Medicina, Vol. 61, Pages 1915: Uterine Ectopic Pregnancies and Live Births: Systematic Review of the Literature and Concepts Underlying Favorable Outcomes


Medicina, Vol. 61, Pages 1915: Uterine Ectopic Pregnancies and Live Births: Systematic Review of the Literature and Concepts Underlying Favorable Outcomes

Medicina doi: 10.3390/medicina61111915

Authors:
Guglielmo Stabile
Laura Vona
Stefania Carlucci
Anna Pitsillidi
Stefano Restaino
Giuseppe Vizzielli
Luigi Nappi

Background and Objectives: Uterine ectopic pregnancy includes uterine extraendometrial forms such as cervical, intramural, and interstitial pregnancies, whose incidence is increasing with prior uterine surgery and assisted reproduction. Unlike cesarean scar pregnancy, which is known to occasionally progress to term, the potential for these other types to continue beyond the first trimester remains poorly defined. This review evaluates reported cases carried to viability, focusing on maternal and neonatal outcomes and identifying prognostic factors influencing progression. Materials and Methods: This systematic review was conducted in accordance with PRISMA guidelines and registered in PROSPERO (CRD420251070864).

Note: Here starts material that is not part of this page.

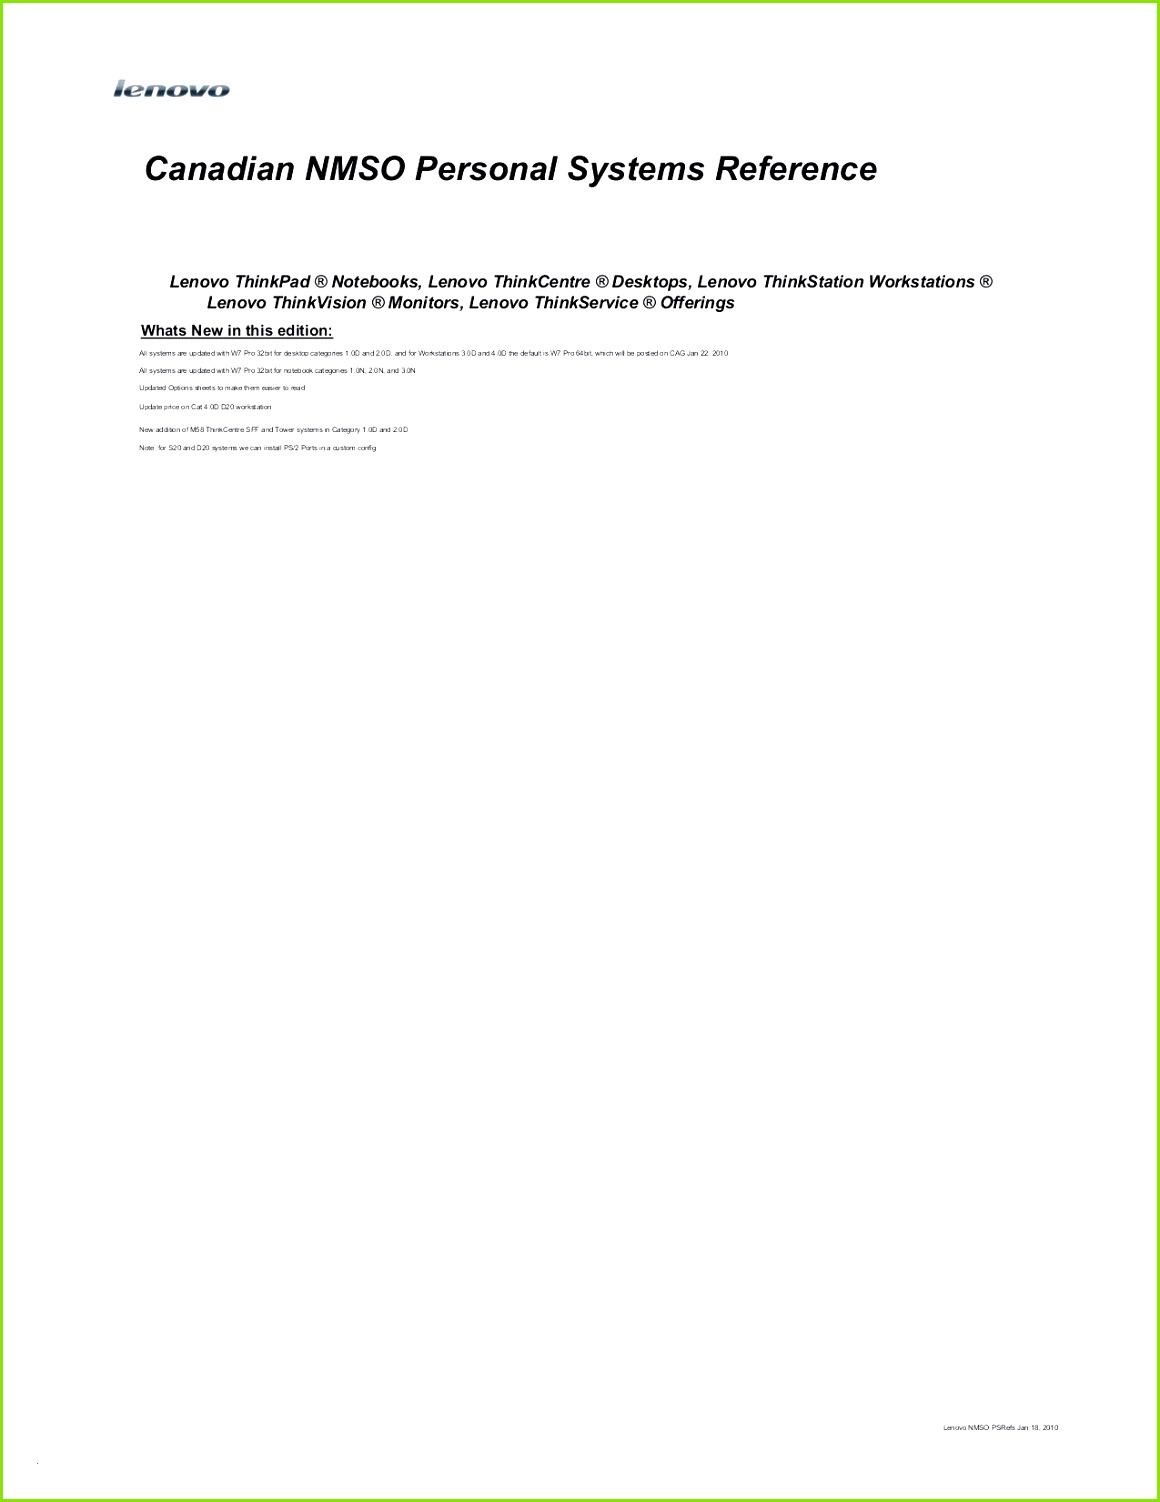 Bewerbung Deckblatt Vorlage Openoffice Luxury Bewerbung Deckblatt Vorlage Openoffice Von

Comprehensive searches of PubMed, Scopus, and Web of Science up to June 2025 identified English-language case reports of uterine ectopic pregnancies (cervical, intramural, or interstitial) resulting in live birth. Data on maternal characteristics, clinical presentation, pregnancy course, delivery outcomes, and neonatal parameters were extracted. Study quality was assessed using the Joanna Briggs Institute checklist for case reports. Results: Uterine ectopic pregnancies were frequently misdiagnosed, with definitive diagnosis established only at delivery in 85% of cases. The majority of patients presented with abdominal pain or vaginal bleeding, and maternal morbidity was considerable: two-thirds required hysterectomy, and blood transfusions were often necessary due to severe hemorrhage. Fourteen live births were reported (nine interstitial, four cervical, and one intramural). Neonatal survival was primarily dependent on gestational age at delivery, while successful continuation of pregnancy appeared favored by implantation in more distensible myometrial regions and the presence of residual endometrial tissue. Conclusions: An increased amount of endometrium and greater myometrial distensibility at the implantation site enhance the likelihood of uterine ectopic pregnancies progressing to viability. These factors should guide early diagnosis, patient counseling, and individualized management, considering gestational age, implantation type, and future fertility goals.